#### [INSTRUCTIONS TO FOLLOW]
Print all of the data exactly, but drop the pictures.

#### [SUPPLIED DATA]
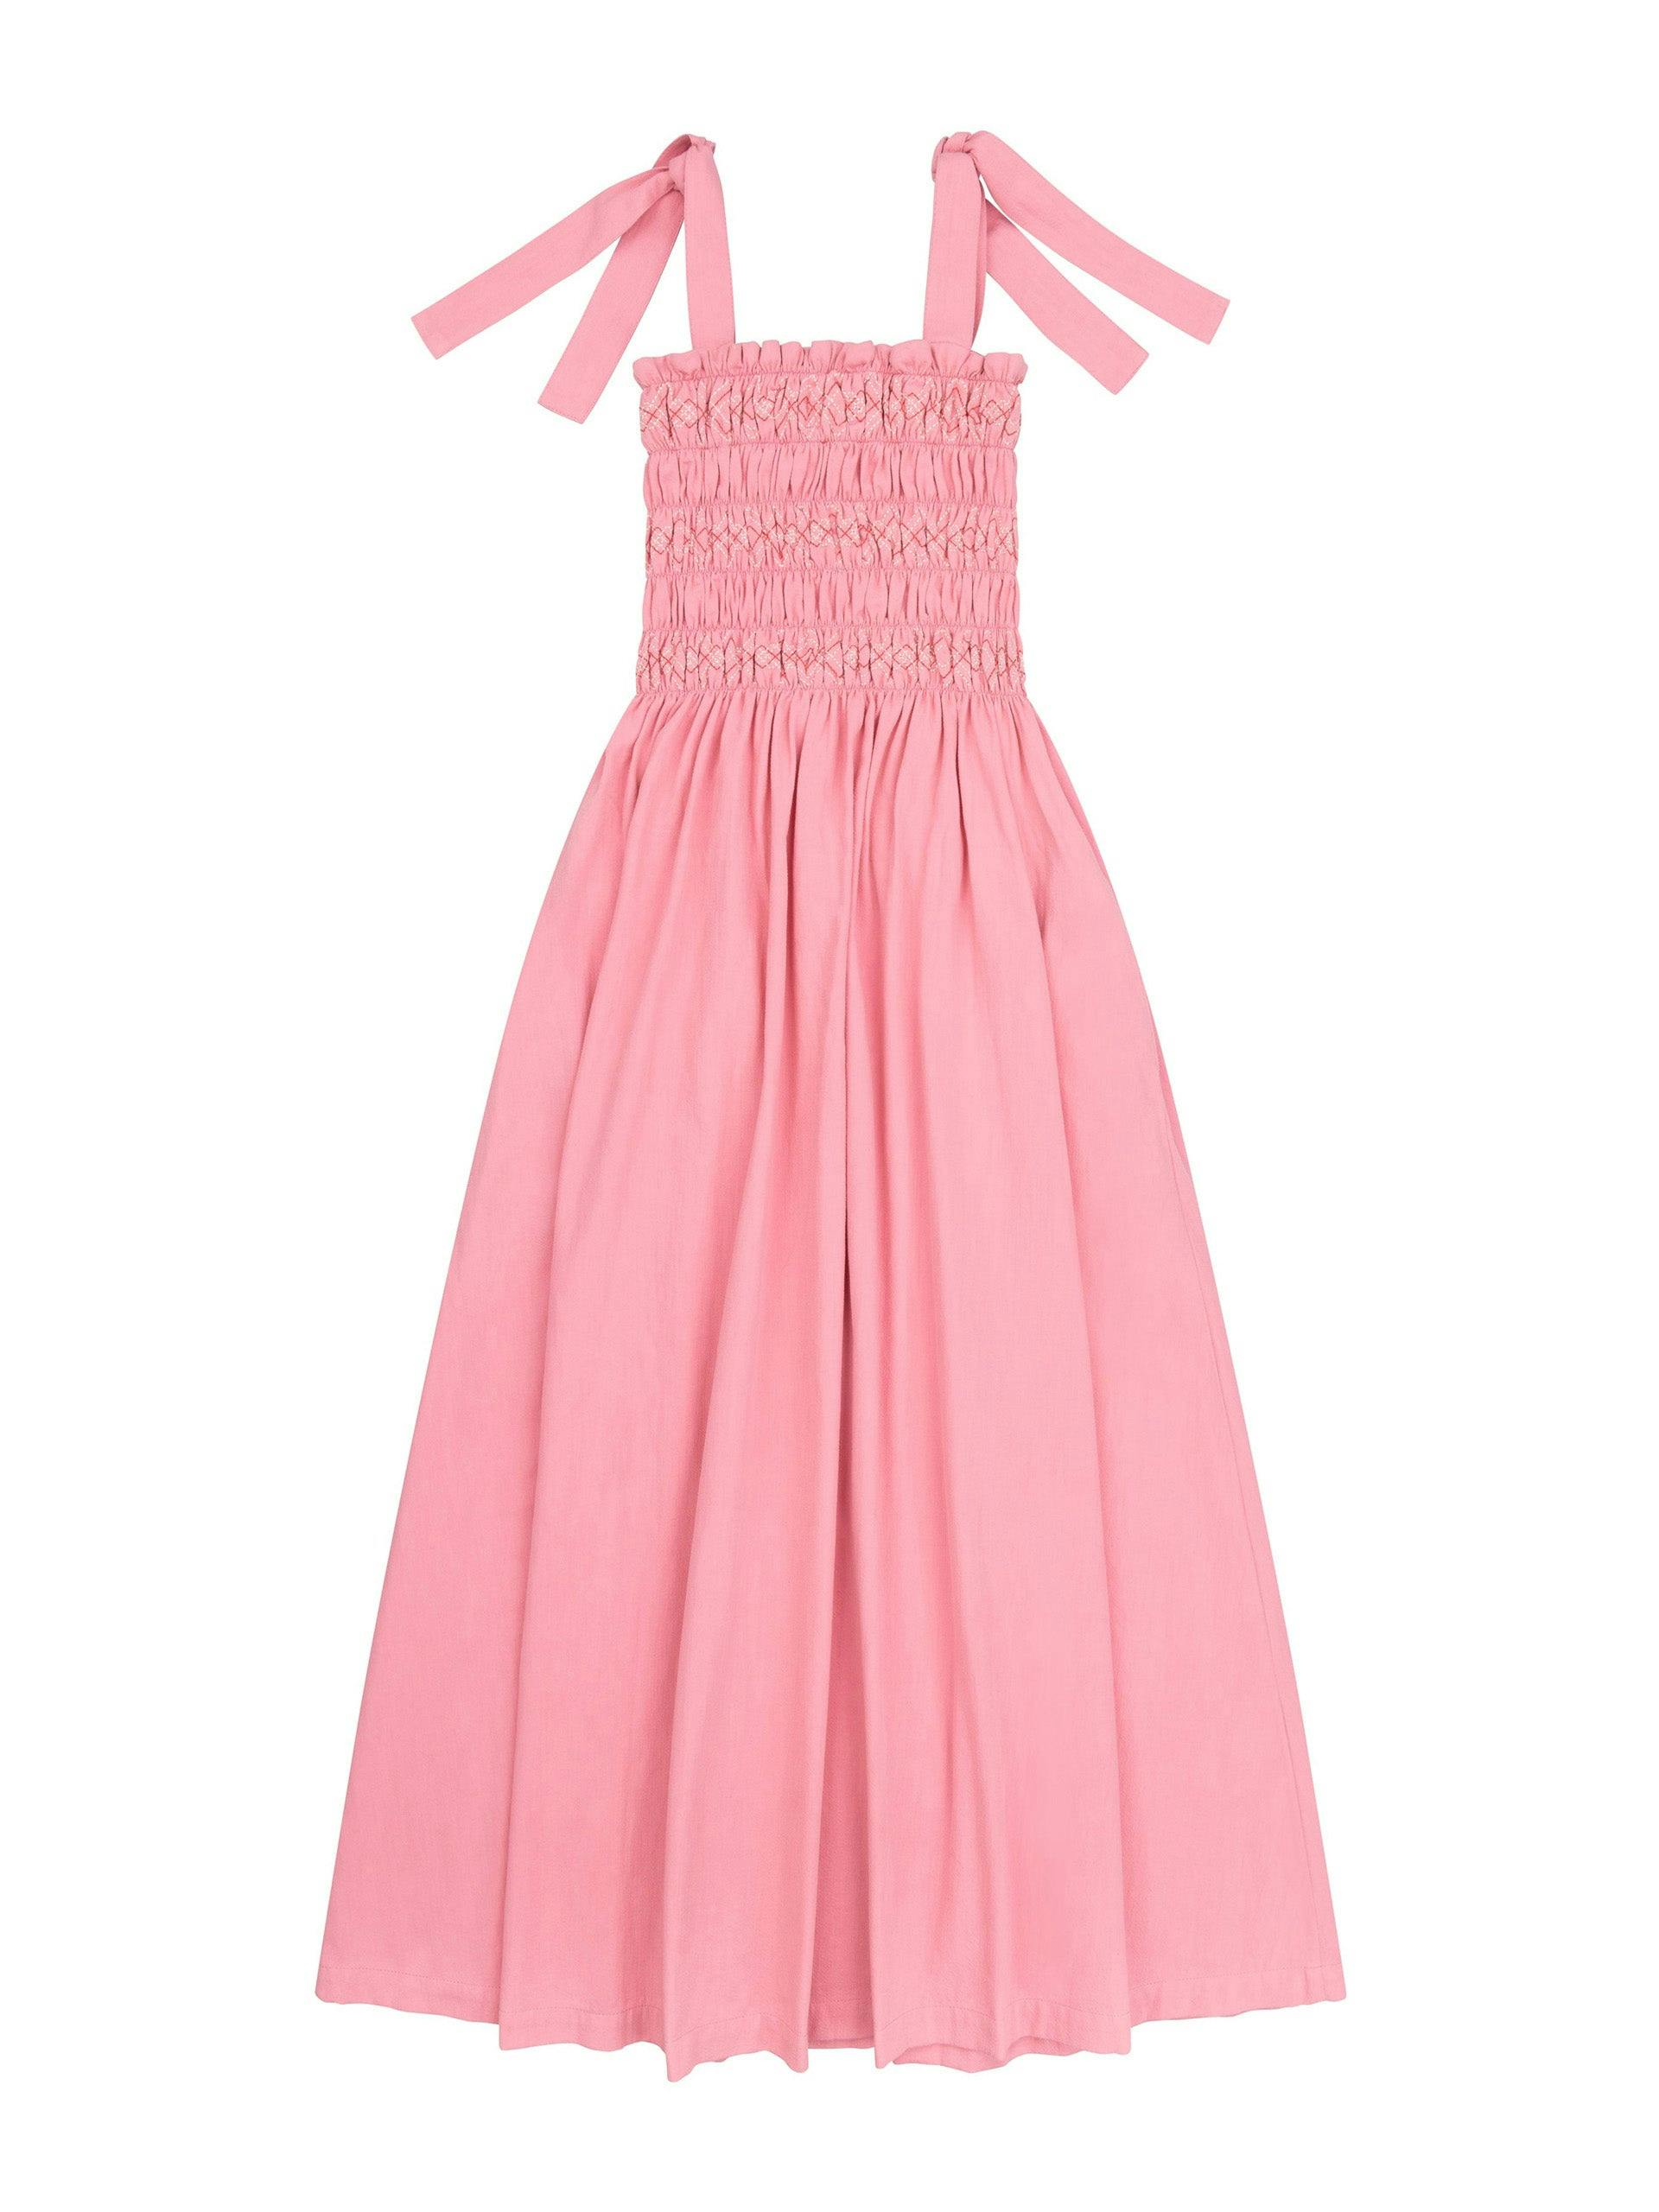 Washed candy floss Sally bandeau tie dress
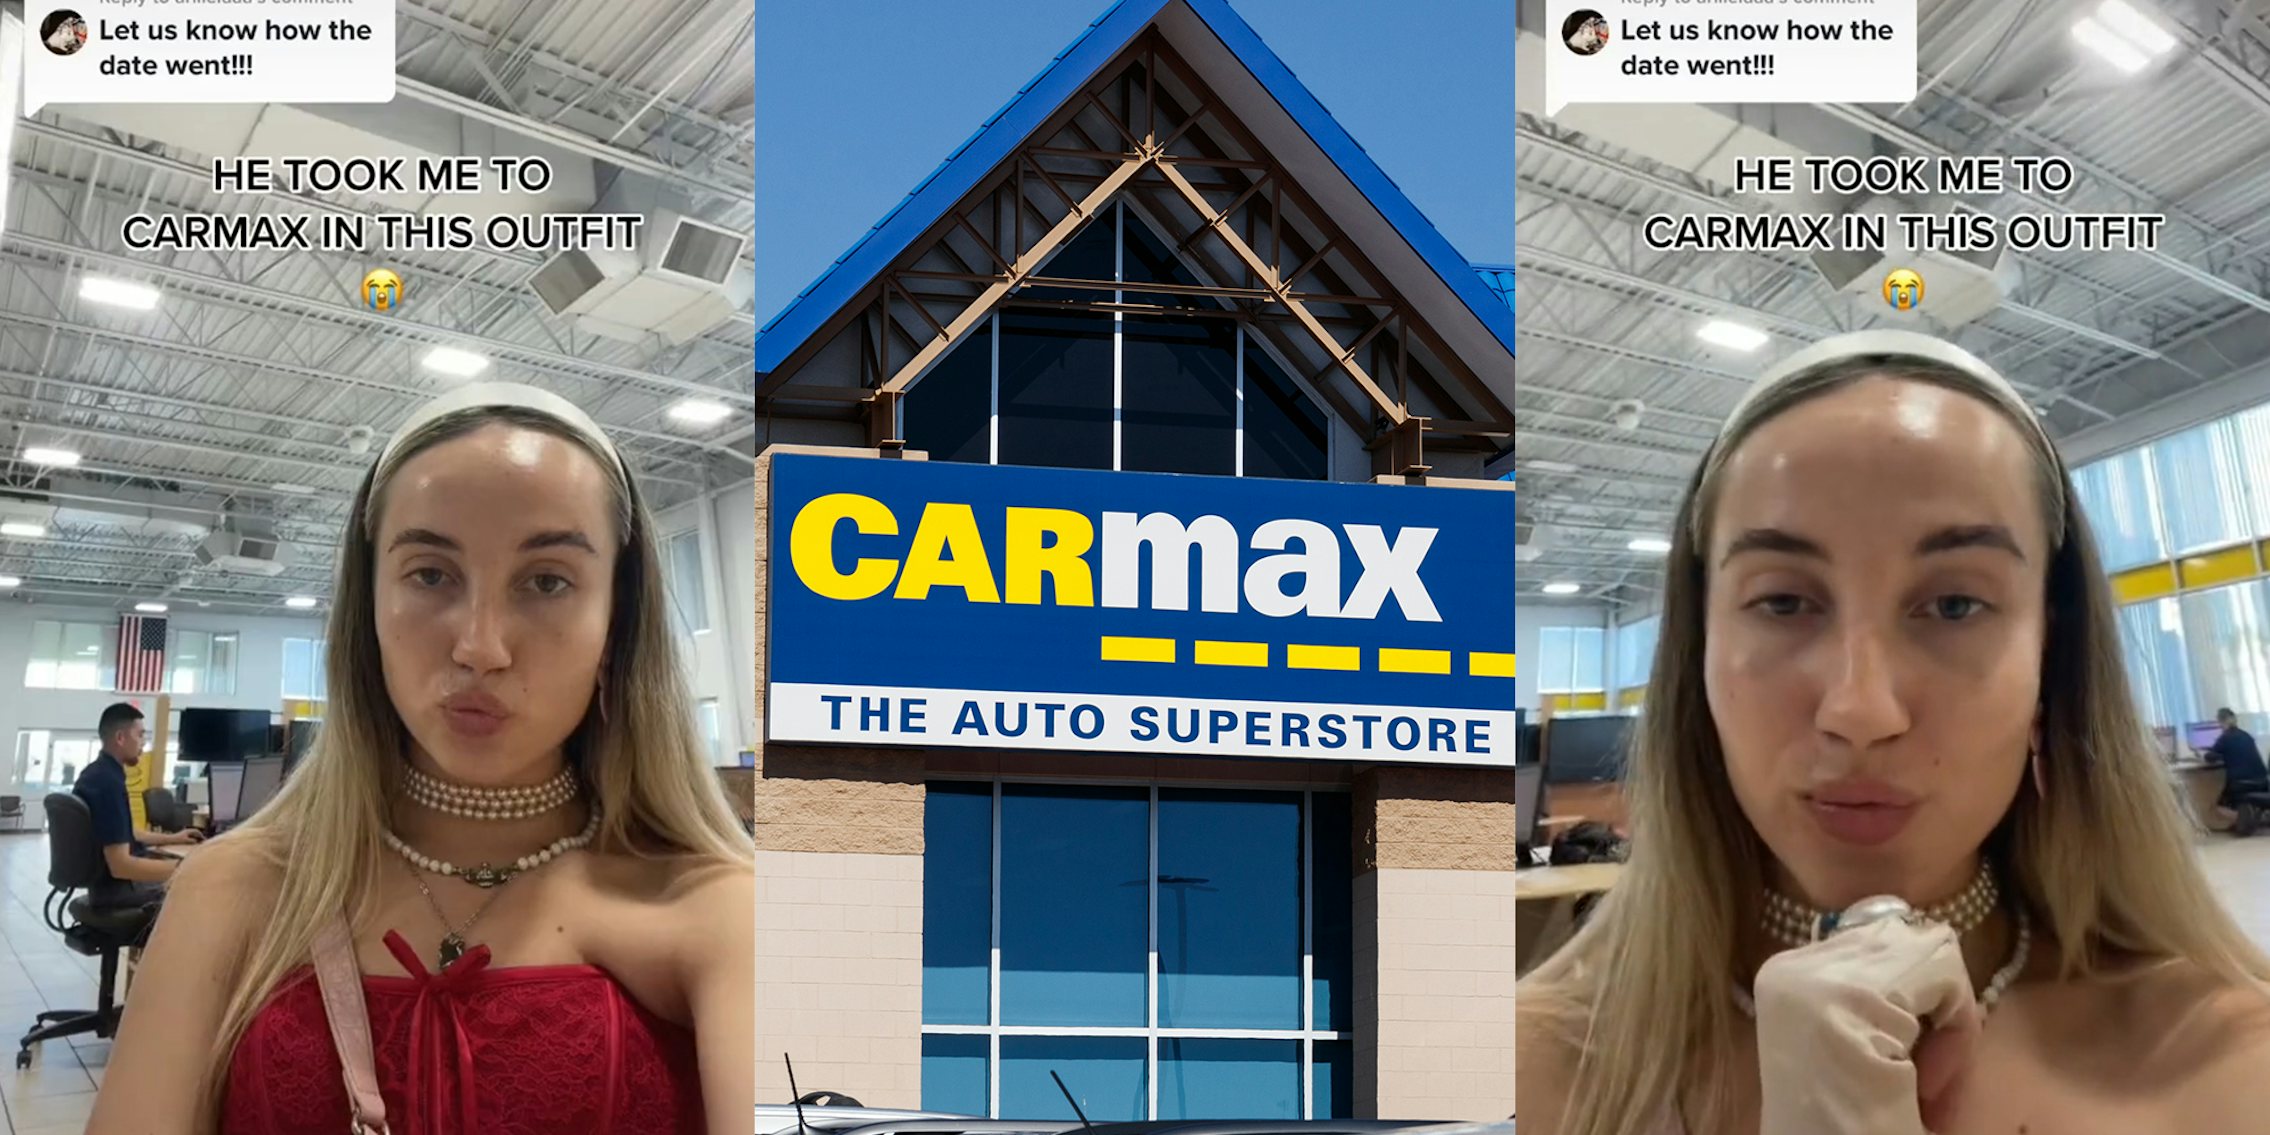 young woman dressed up in warehouse with captions 'let us know how the date went!' and 'he took me to carmax in this outfit' (l&r) carmax the auto superstore sign (c)
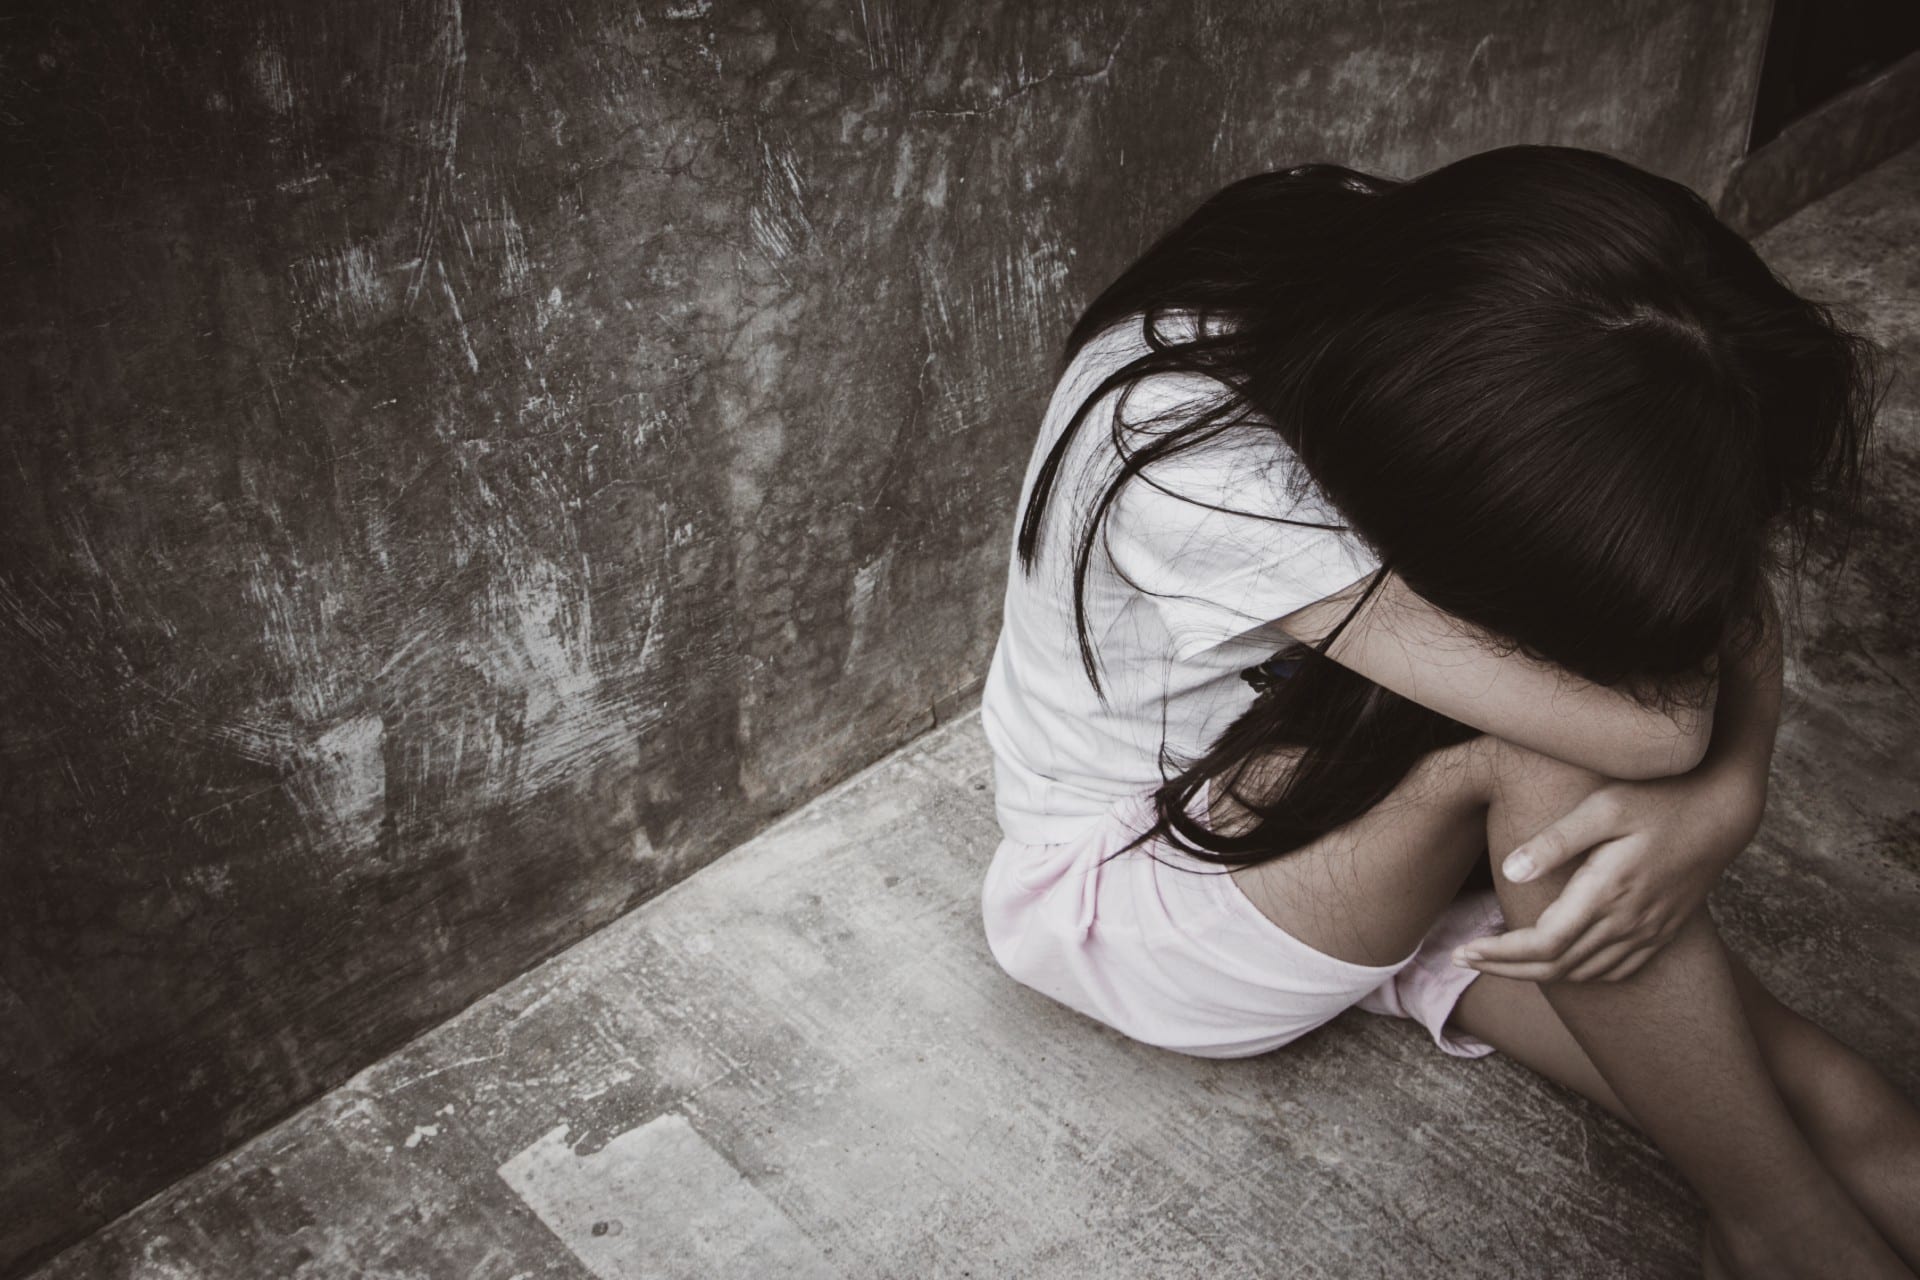 Florida Becomes First State to Teach Kids about Trafficking Prevention

#### [EXERCISE ANSWER]
 Washed candy floss Sally bandeau tie dress
 young woman dressed up in warehouse with captions 'let us know how the date went!' and 'he took me to carmax in this outfit' (l&r) carmax the auto superstore sign (c)
 Florida Becomes First State to Teach Kids about Trafficking Prevention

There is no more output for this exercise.